▶ **ACTION ITEM**
Where the line with "Olympia Heritage Double" appears below, start writing out lines exactly, and finish with the line with "Kate Moss leaving", which is included; write out nothing else.

▶ **PROVIDED INFORMATION**
--

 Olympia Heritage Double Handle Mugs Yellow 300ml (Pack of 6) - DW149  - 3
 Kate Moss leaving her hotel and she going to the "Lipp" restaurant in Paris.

--

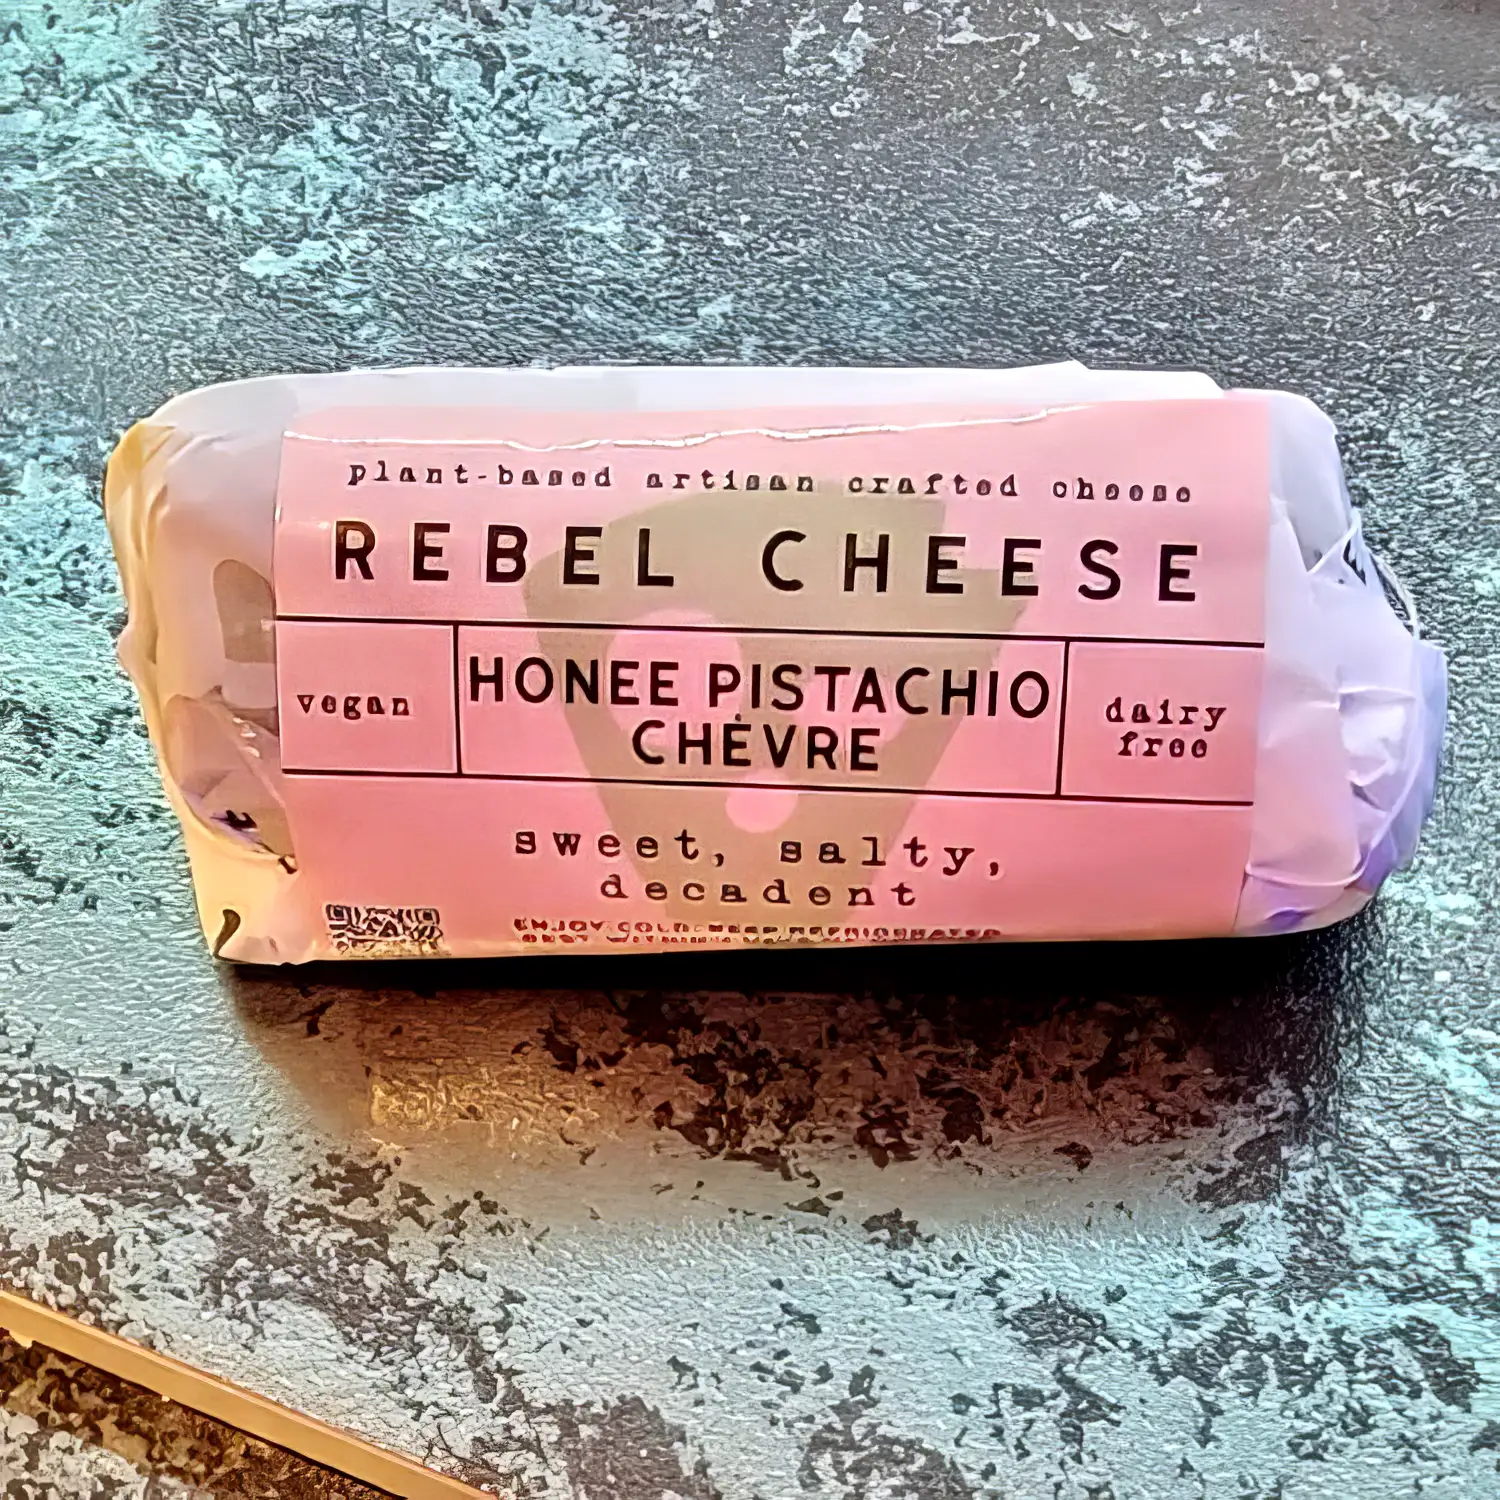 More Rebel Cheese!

--

▶ **ANSWER SPACE**
 Olympia Heritage Double Handle Mugs Yellow 300ml (Pack of 6) - DW149  - 3
 Kate Moss leaving her hotel and she going to the "Lipp" restaurant in Paris.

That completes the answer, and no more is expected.